Луций Апулей - Апология Страница 19

Тут можно читать бесплатно Луций Апулей - Апология. Жанр: Старинная литература / Античная литература, год -. Так же Вы можете читать полную версию (весь текст) онлайн без регистрации и SMS на сайте «WorldBooks (МирКниг)» или прочесть краткое содержание, предисловие (аннотацию), описание и ознакомиться с отзывами (комментариями) о произведении.
Луций Апулей - Апология

Луций Апулей - Апология краткое содержание

Прочтите описание перед тем, как прочитать онлайн книгу «Луций Апулей - Апология» бесплатно полную версию:
«Апология» Апулея свидетельствуют о хорошем знании риторики, об остроумии, ловкости и искусном владении языком. Композиция «Апологии» как речи, действительно произнесенной в суде, достаточно ясна и прозрачна, хотя несколько отклоняется от традиционной схемы. Конечно, едва ли можно думать, что она была произнесена именно в той стройной, полностью обработанной форме, в какой она была выпущена в свет, однако она написана в общем довольно простым языком, мысли, выраженные в ней, не замаскированы излишне изощренной формой и одна тема четко отделена от другой

Луций Апулей - Апология читать онлайн бесплатно

Луций Апулей - Апология - читать книгу онлайн бесплатно, автор Луций Апулей

Допустим теперь, что мать в чем-то призналась сыну, рассказав ему в тайном письме о своей любви, как это иногда бывает. Было ли это справедливо, Руфин, было ли это – я уже не говорю честно, но просто по-человечески, предавать такое письмо гласности и всем показывать его, в особенности используя сына как глашатая?

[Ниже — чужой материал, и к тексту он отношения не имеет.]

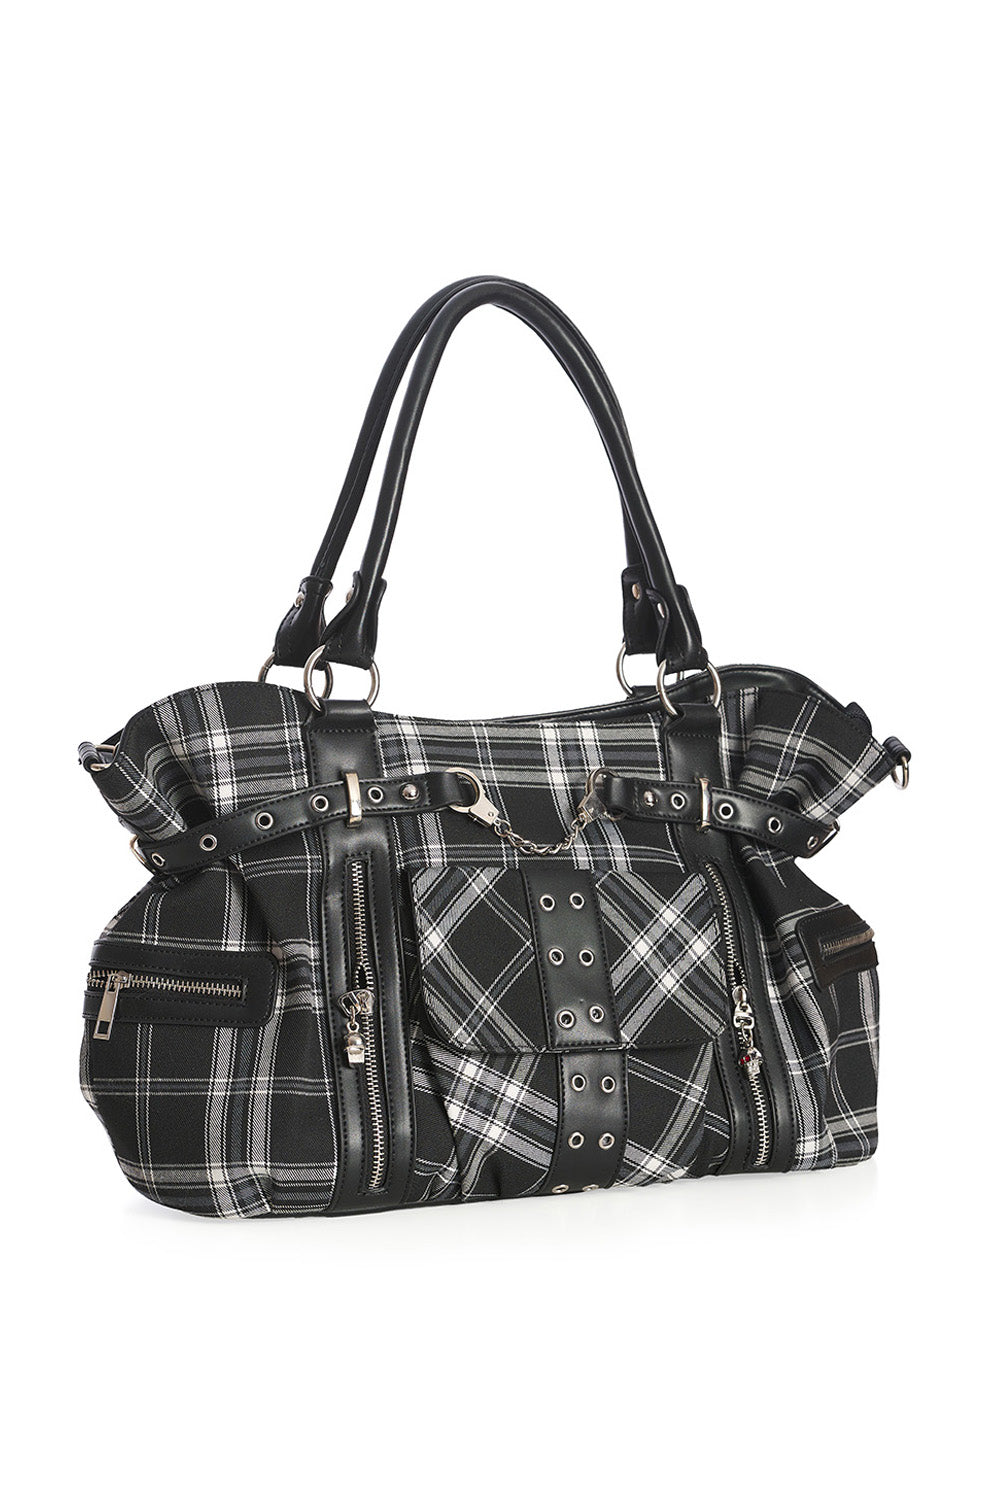 Schwarz-weiß-karierte Handtasche BLACK/WHITE RISE UP BAG mit Handschellendetail und Seitentaschen von Banned

Впрочем, разве я не знаю, с кем имею дело, что требую от тебя пощады для чужой скромности, когда ты и свою уж давно потерял?

85. Что мне, однако, жаловаться на прошлое, когда настоящее не менее печально? До какой степени должен быть испорчен вами этот несчастный мальчик [305], чтобы вслух читать письмо своей матери (считая его любовным) перед трибуналом проконсула, в присутствии человека таких безупречных нравов, как Клавдий Максим, перед этими статуями императора Пия?! [306] Сын упрекает мать в позорных поступках, обвиняет ее в развратных любовных связях! Найдется ли человек настолько снисходительный, чтобы не возмутиться? Что ж, подлец, ты роешься в душе у своей матери, следишь за ее взорами, считаешь вздохи, выведываешь настроения, перехватываешь письма, уличаешь в любовной страсти? Ты стараешься разузнать, что делает она у себя в спальне, ты хочешь, чтобы твоя мать – я уже не говорю не была бы любовницей, но и женщиной-то вообще не была? И все это, по-твоему, только сыновняя забота, и ничего больше? О, несчастное твое лоно, Пудентилла! О, бесплодие, которое краше такого материнства! О, горестные десять месяцев! [307] О, невознагражденные четырнадцать лет вдовства! Гадюка, как я слышал, прогрызает чрево матери и выползает на свет – она рождается, таким образом, ценою матереубийства [308]. Тебе – а ты живешь и видишь это – твой уже взрослый сын наносит укусы еще более жестокие! Твое молчание разбирают по косточкам, твою стыдливость оскверняют, копаются в твоем сердце, выволакивают наружу самое сокровенное. Такой-то благодарностью ты отплачиваешь матери, добрый сын, за жизнь, которую она тебе дала, за наследство, которого она для тебя добилась [309], за те долгие четырнадцать лет, которые она тебя содержала? Так вот какие уроки преподал тебе дядя, чтобы ты не рисковал и не женился, если ты будешь уверен, что дети будут похожи на тебя? Многим известен стих поэта: «Ненавижу я младенцев, скороспелых разумом» [310]. Но к ребенку, скороспелому в испорченности, кто не почувствует отвращения и ненависти, кто не увидит в нем какое-то чудовище: в преступлениях – человек бывалый, прежде чем юноша возмужалый, еще мухи слабей, а уже злодей, зелен юнец, да сед и злобен хитрец [311]. A еще больше вреда приносит то, что он злодействует безнаказанно: для наказания он еще слишком молод, но для беззакония уже созрел. Для беззакония, говорю я? Мало того – для преступления против матери, преступления нечестивого, чудовищного, непростительного!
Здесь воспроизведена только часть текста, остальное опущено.